Kaynak (quellen) metaforu, bilginin yahut kültürel kıymetlerin başlangıç noktasını temsil eder. Blumenberg, bu metaforun tarih boyunca nasıl kullanıldığını ve farklı düşünürler tarafından nasıl yorumlandığını inceler. Bilhassa, bir bilginin kaynağına inme dileği, insanın hakikati arayışındaki temel dürtülerinden biridir.
“Kaynak metaforu bilhassa analitik ve yapısal, sedimentatif ve kapatıcı olmak üzere öbür kalıplardan çoğunlukla dışlanır. Örtülü ve engellenmiş, kapatılmış ve tıkanmış olması gereken ve salt kendi iç kudretiyle aksi deneyim katmanlarını kıramayan bir şey dışarı akmak üzere hür bırakılır.” (s.79)
Akıntı (ströme) metaforu, bilginin yahut kültürel tesirlerin vakit içindeki akışını ve yayılımını simgeler. Blumenberg, bu metaforun, bilginin dinamik tabiatını ve vakitle nasıl evrildiğini anlamada kritik bir rol oynadığını belirtir. Akıntılar, bilginin durağan olmadığını, daima bir hareket ve değişim içinde olduğunu gösterir. Buzdağı (eisberge) metaforu, bilinçdışının yahut görünmeyen derinliklerin simgesidir. Blumenberg, bu metaforun, insan şuurunun yalnızca yüzeyde görünen kısmının ötesinde, derin ve keşfedilmemiş katmanlara sahip olduğunu söz ettiğini savunur. Buzdağının su üzerindeki küçük kısmı, şuurlu zihni; su altındaki büyük kısmı ise bilinçaltını temsil eder.

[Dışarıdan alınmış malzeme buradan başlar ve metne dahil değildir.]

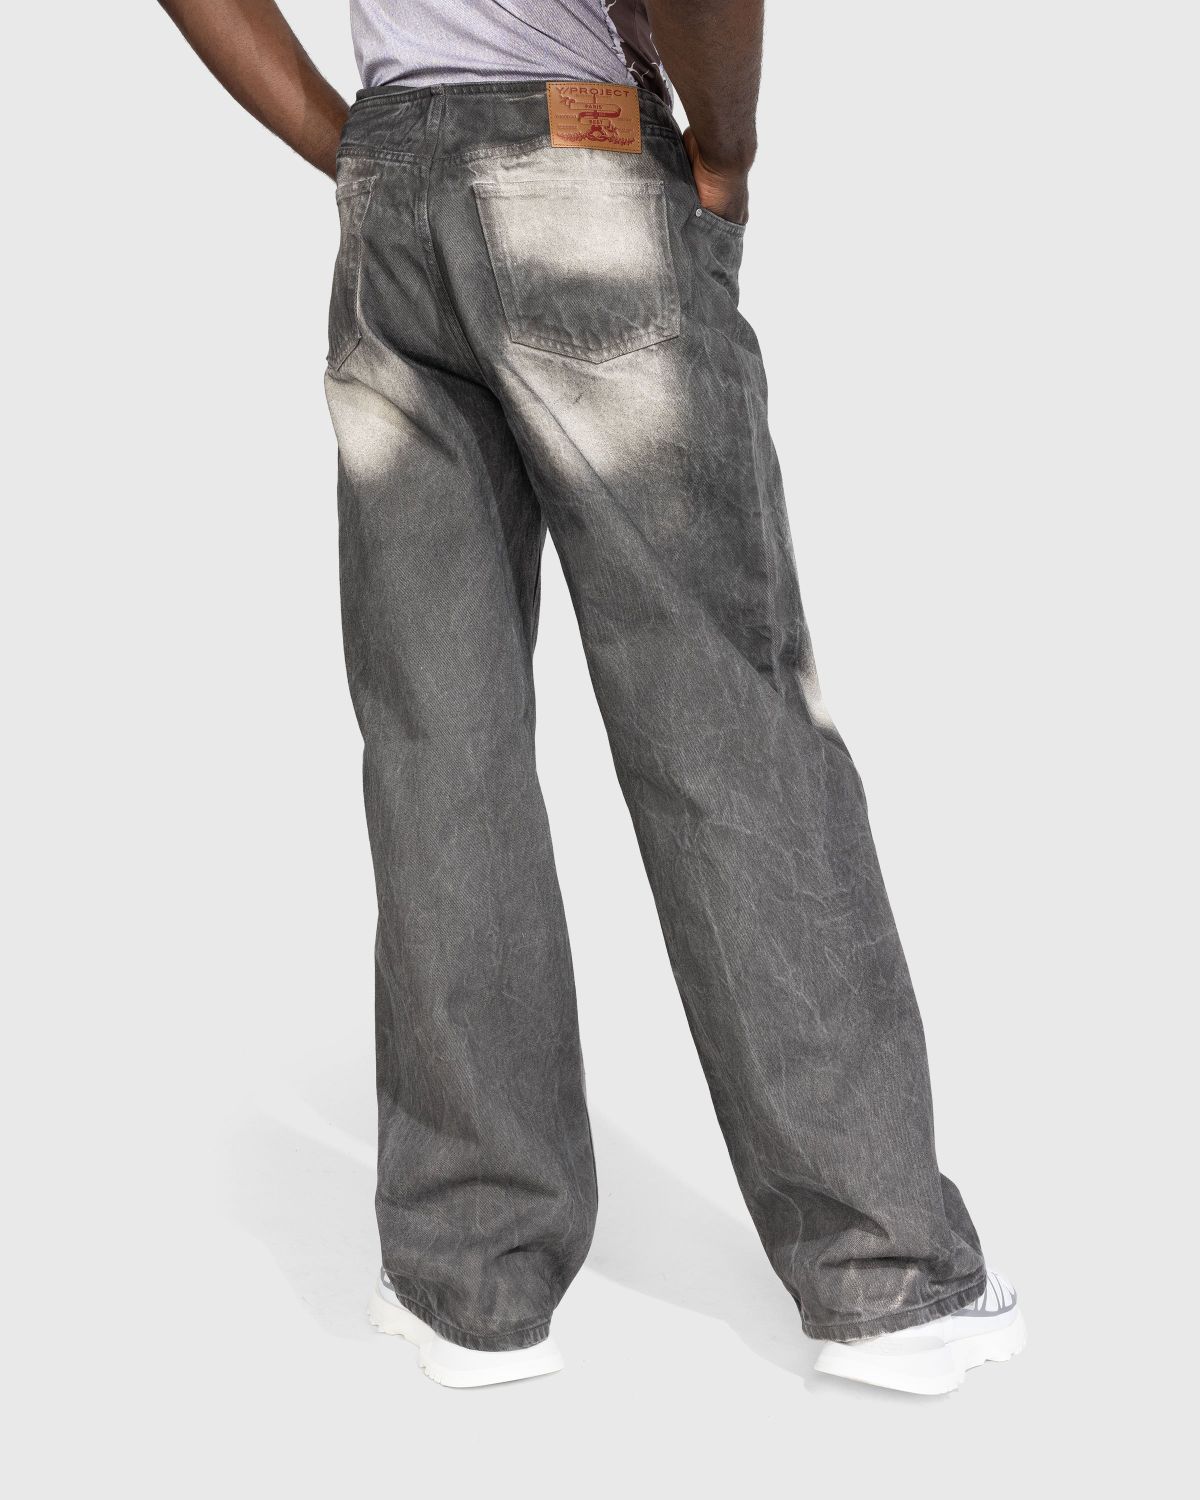 Y/Project – Y Belt Arc Jeans Faded Black - Pants - Grey - Image 3

Blumenberg, metaforların yalnızca edebi araçlar olmadığını, tıpkı vakitte fikrin ve ideolojinin temel ögeleri olduğunu ileri sürer. Onun “metaforoloji” ismini verdiği yaklaşım, metaforların tarihî ve kültürel bağlamlarını inceleyerek, insan kanısının evrimini anlamayı emeller. Bu bağlamda, su metaforları, insanın bilgiye, kültüre ve kendine dair anlayışının derinliklerini keşfetmede değerli bir araçtır. Sonuç olarak, Blumenberg, genel olarak insanın varoluşsal durumunu ele alırken, mana arayışının ve bilginin merkezde olduğunu savunur. İnsan, dünyayı anlamlandırmaya çalışan bir varlıktır ve bu süreçte mitler, metaforlar ve öyküler en güçlü araçlardır. Blumenberg’e nazaran, çağdaş insanın karşı karşıya olduğu krizlerin birçok, mana üretme sistemlerindeki dönüşümlere dayanır.

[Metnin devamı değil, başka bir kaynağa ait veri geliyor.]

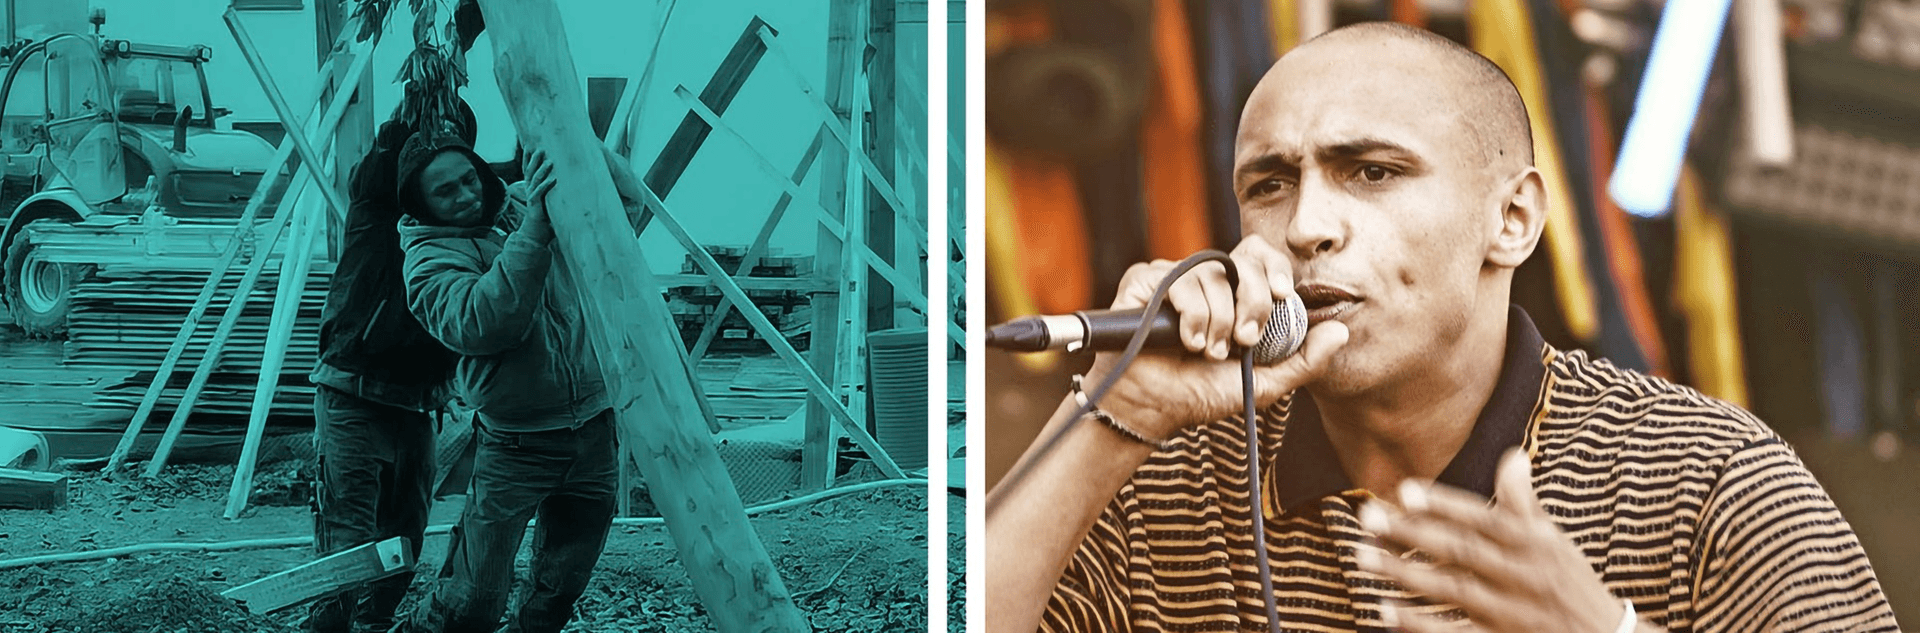 Yung Obama: Baustelle Hiphop

“Madde akışının, atomların rastlantısal dolaşması ve iç içe geçmesinin sonucu olan dünyalar hâline gelmesi için olması gereken şey, uzaydaki tüm doğal akışı ebedi değişmezliğinden koparan çok küçük bir sapmadır -yine, kozmik bir idea olarak hareketteki en saf doğrusal yasalılık ideali- kendisinin çok derecede bozulmasına, en kesif düzensizliğe kadar, akışın en ufak bir mahzurundan geçen her ırmak yolunda olduğu üzere bu akışı bir girdaba dönüştürür.” (s.145)
“İnsanlık Tarihinin Metaforları” alt başlığıyla okurla buluşan Kaynaklar, Irmaklar, Buzdağları, Hans Blumenberg’in metaforların fikir tarihindeki rolüne dair derinlemesine tahliller sunduğu kıymetli bir yapıtı. Ulrich von Bülow ve Dorit Krusche tarafından hazırlanan yapıtı lisanımıza Murat Kaymaz çevirmiş. Özellikle su metaforları üzerinden insan şuurunun ve kültürünün farklı istikametlerini keşfeden Blumenberg, metaforların fikrin şekillenmesindeki kritik rolünü göz önüne seriyor. Kaynaklar, Irmaklar, Buzdağları ideoloji ve dilbilim alanlarında çalışan araştırmacılar kadar, insan niyetinin derinliklerine ilgi duyan herkes için de kıymetli bir kaynak. Güzel okumalar…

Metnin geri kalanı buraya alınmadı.